The same traditional tune was also arranged by W.C. Handy and published in 1915 as "Hesitating Blues". Handy's version shares the melody, but the lyrics are different. His chorus is a variation on the "how long" lyrics in the Smythe, Middleton and Gillham version. The verse, however, is substantially different, telling a story of separated lovers unable to reach each other by phone. There are many recorded versions of the Handy song, including ones by Prince's Band, James Reese Europe's 369th U.S. Infantry "Hell Fighters" Marching Band, Esther Bigeou, Eartha Kitt, Lena Horne, and Louis Armstrong. W. C. Handy, in his Blues Anthology stated the tune was from an old spiritual.

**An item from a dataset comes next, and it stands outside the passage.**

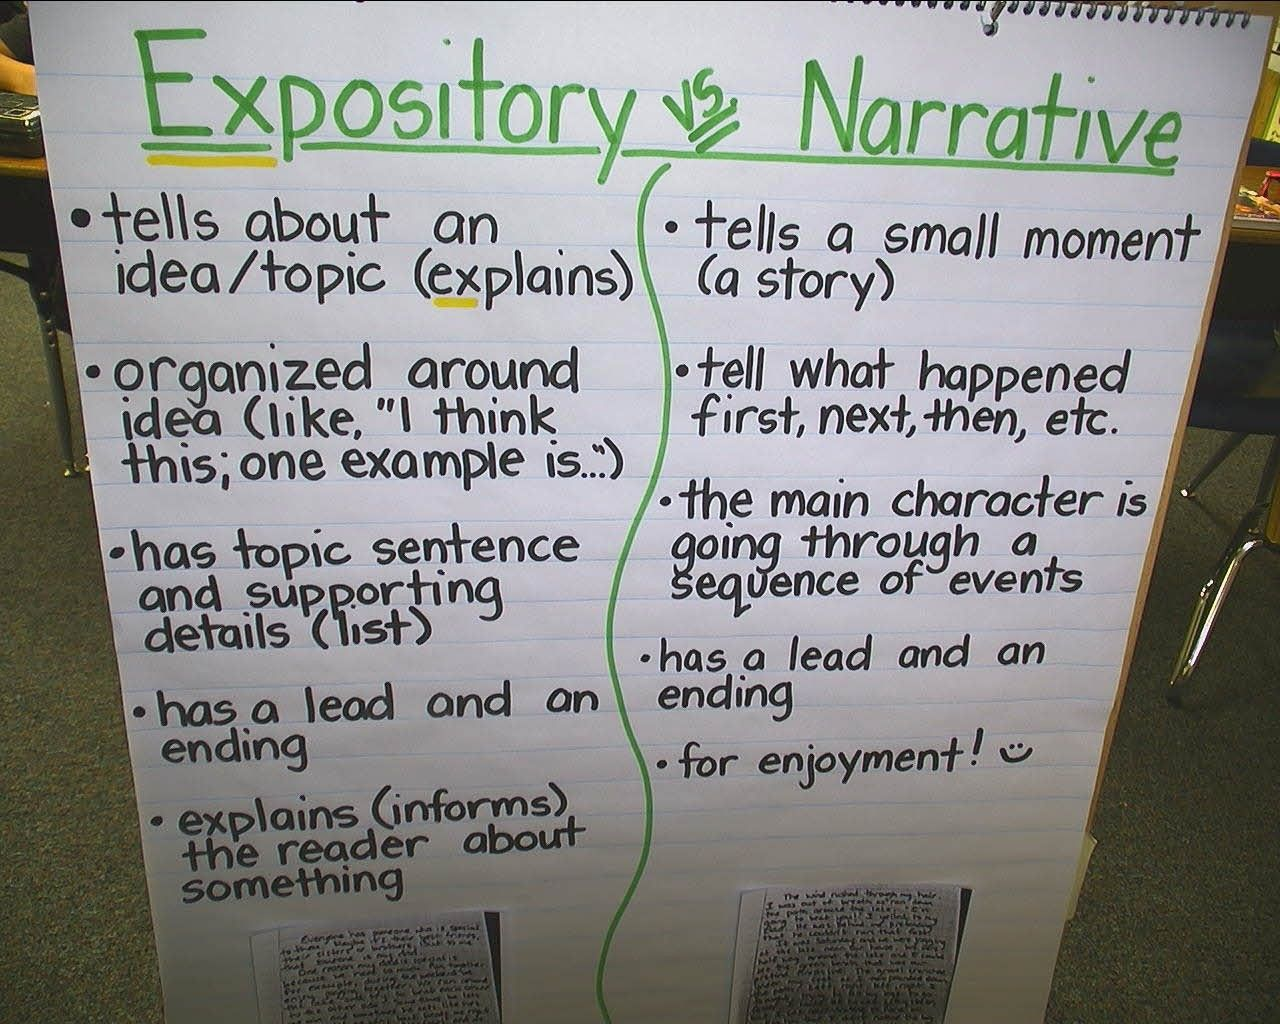 Narrative Vs Expository Text Narrative Vs Expository

==Use by Langston Hughes in the poem Ask Your Mama==
At the beginning of his poem sequence Ask Your Mama, Langston Hughes says: "The traditional folk melody of the 'Hesitation Blues' is the leitmotif for this poem." Throughout the poem, Hughes placed musical direction for the poem on the right margin of each page. The direction calls for performance of song several times in the poem sequence. In his biography of Hughes, Arnold Rampersad says the song's chorus, which asks, "How long must I have to wait?" emphasizes Hughes's impatience with the progress of the civil rights movement.

==Sammy Price's version==
Blues musician Sammy Price remembered hearing a version of "Hesitation Blues" played by an itinerant guitarist that referenced the Lynching of Jesse Washington. Price lived in Waco as a child, possibly at the time of Washington's horrific death.

== Versions recorded by folk song collectors ==
Several versions of the song, which is categorized as number 11765 in the Roud Folk Song Index, were collected from traditional singers by folk song collectors.

Fiddlin' John Carson performed a variant of the song called "Nancy Rowland" in 1923. Robert Winslow Gordon recorded Bascom Lamar Lunsford and a man named John G. Woody singing Hesitation Blues in the 1920s in North Carolina. The recording of Lunsford can be heard online. John Lomax recorded Leadbelly singing a version of the song in 1935 and Smith Casey in 1939; Casey's recording is available on the Library of Congress website. Cas Wallin, one of the Wallin family of North Carolina ballad singers, was filmed in 1982 by Alan Lomax (John Lomax's son) singing a version of the song which differs significantly from the popular versions.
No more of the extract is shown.